Lawmakers will forgive the nation’s debt and student debt, but what about debt among the incarcerated?
Earlier this month, Treasury Secretary Janet Yellen warned that the United States could run out of money to pay its bills as soon as June 1. Despite recent debates over whether or not to raise the debt ceiling, the truth is that both Democrats and many Republicans have largely voted to raise the debt ceiling with little to no fanfare throughout American history. Yet while lawmakers remain lenient when it comes to forgiving the government’s own debt, they offer little such empathy to folks who have incurred debt as a result of their entanglement in the carceral system.
The average incarcerated person emerges from the system having accumulated $13,607 in debt. For context, about 60 percent of people in this country cannot afford a $1,000 emergency, let alone afford to return home after years away with a gap in their resume, little chance of finding housing, and over 10 times that amount in debt. This debt — a product primarily of legal system fines and fees — can keep people legally bound to the judicial system for the remainder of their lives.
This cycle is not an accident: our legal system is not designed to foster safety but to impose punishment. Instead of ensuring folks are financially stable enough to feed their families and find legitimate work after serving their time, our system chooses instead to inflict forms of financial punishment that prolong stigma and loss of liberty.
But it does not have to be this way.
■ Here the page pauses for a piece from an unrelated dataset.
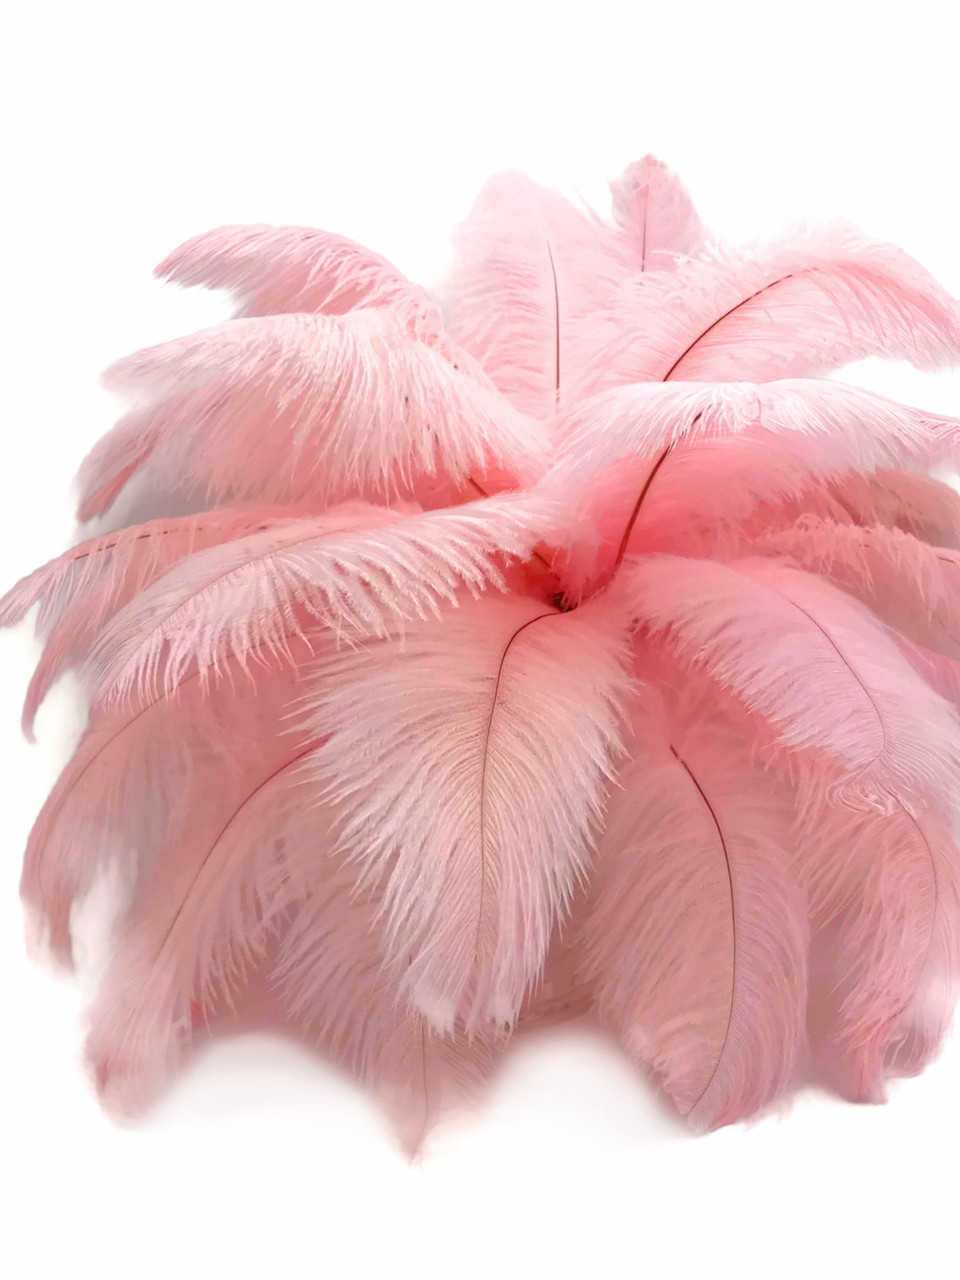 18-20 inches Blush Pink Ostrich Feather Large Male Ostrich Plume Feathers  50pcs Popular color!!!

In a country so willing to forgive its own federal debt, it is high time that lawmakers move past hypocrisy and toward true public safety by implementing reforms aimed at reducing carceral debt and promoting public safety.
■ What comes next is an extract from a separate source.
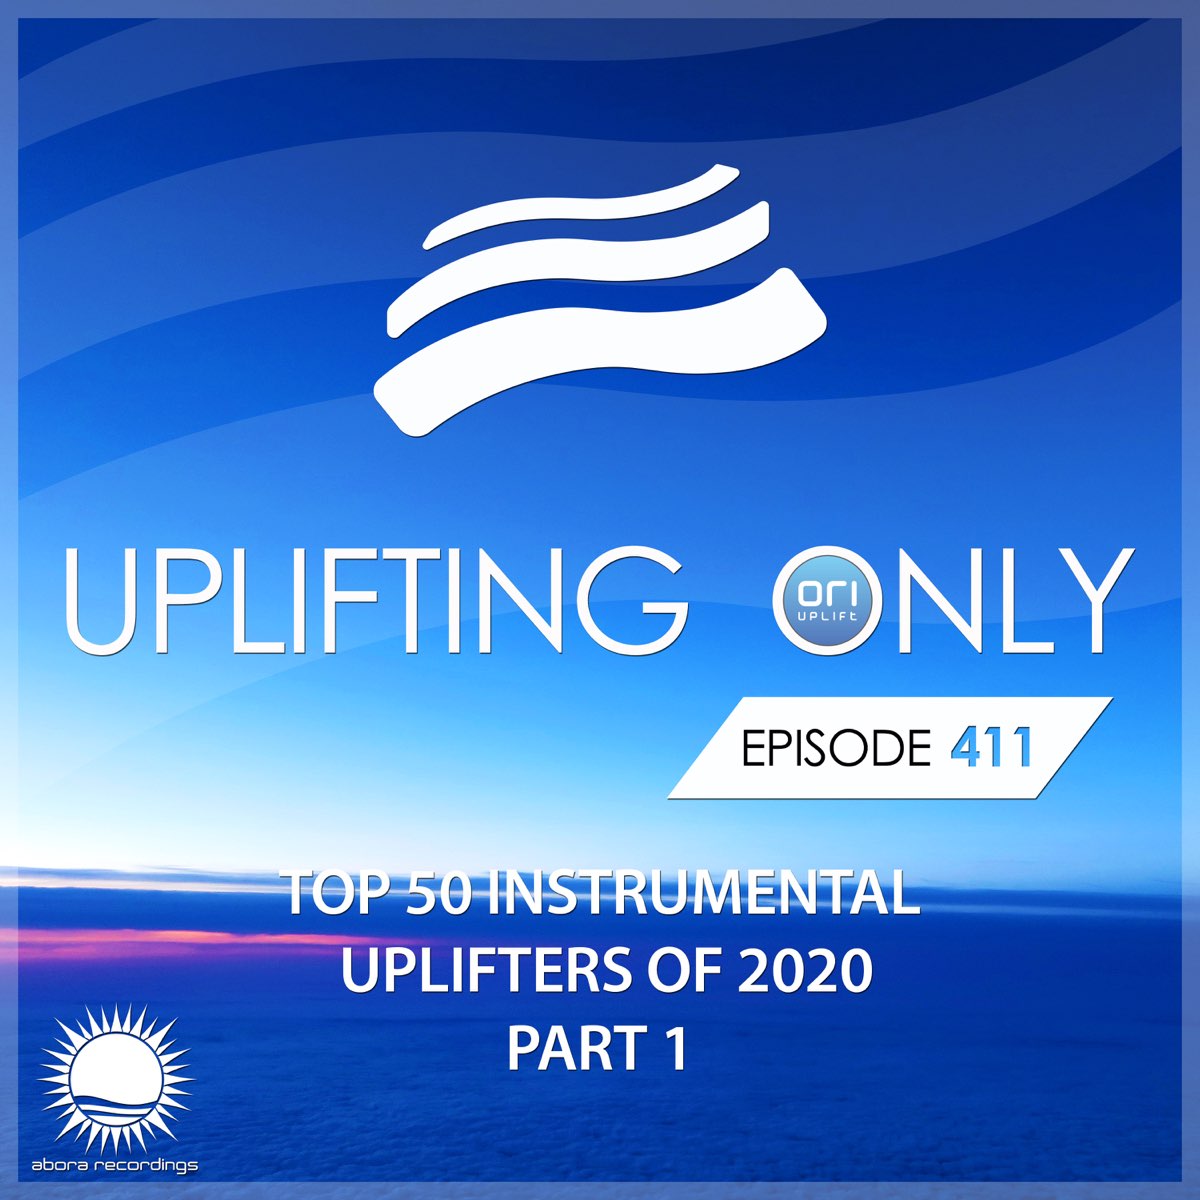 Uplifting only 536. Uplifter. Ori uplift - first Symphonic Breakdown year Mix (Continuous Mix). Only ep

This carceral debt arises in many forms. Even before a person is convicted, they might have to pay for bail (which can range from thousands to tens of thousands of dollars), pretrial services like ankle monitoring (ranging up to $5,000 per year out of pocket) or diversion program fees (which can also cost thousands of dollars).
If convicted, that same individual will face additional costs while incarcerated, ranging from phone call fees to stay in touch with loved ones to commissary costs for food and hygiene products, all of which are priced significantly higher than they would be in the outside world. Some incarcerated people are also required to pay for their own health care behind bars. And once released, the madness does not stop — costs can continue to accrue, with probation or parole supervision fees constituting the most common form of debt formerly incarcerated people held in one study.
Not to mention the fact that non-legal “outside” debt continues to accumulate while a person is going through the criminal legal process: When a person is arrested, they often leave other bills and financial obligations behind, such as unpaid credit cards, child support, rent or utility bills. This often comes back to haunt them once they have exited a prison or jail.
The worst part? None of these costs imposed on the person entangled in the system actually make the surrounding community safer. In fact, they have the opposite effect.
Studies have shown time and time again that saddling formerly incarcerated people with debt reduces their economic mobility and only increases the odds they will be pushed toward committing future offenses. Even without debt, incarceration renders a person less likely to have the kind of successful financial future that fosters stability: it cuts a person’s lifetime earnings in half, makes it much harder to get a job (in spite of evidence that formerly incarcerated folks are great employees), and cuts people off from the social safety net. It makes other aspects of life more expensive by excluding folks from affordable housing and hurting both physical and mental health, driving up the amount of a person’s budget that must go to seeking care.
This general struggle for economic stability is only exacerbated by debt from incarceration. And all of this falls particularly on the shoulders of Black and Brown people, who are the primary targets of our criminal legal apparatus, and those with low incomes.
In other words, our policy choice to throw people into carceral debt and then deny them the means to survive is making us all less safe. Why, then, is the government largely understanding of the challenges relating to its own debts but unforgiving when it comes to addressing the debt that, if erased, has the potential to truly make America safer?
If the system — and the elected officials who built it — were truly concerned about public safety, they would be investing in the pro-safety measures we know work. We must stop empowering our elected officials to entrench poverty and instead call on them to invest funds in things that create real safety. These include housing access, basic income, healthcare, education and safe exit routes out of the criminal legal system, such as expanded public defense.
Emily Galvin-Almanza is executive director of Partners for Justice, a national nonprofit bolstering public defense, and a former Bronx public defender.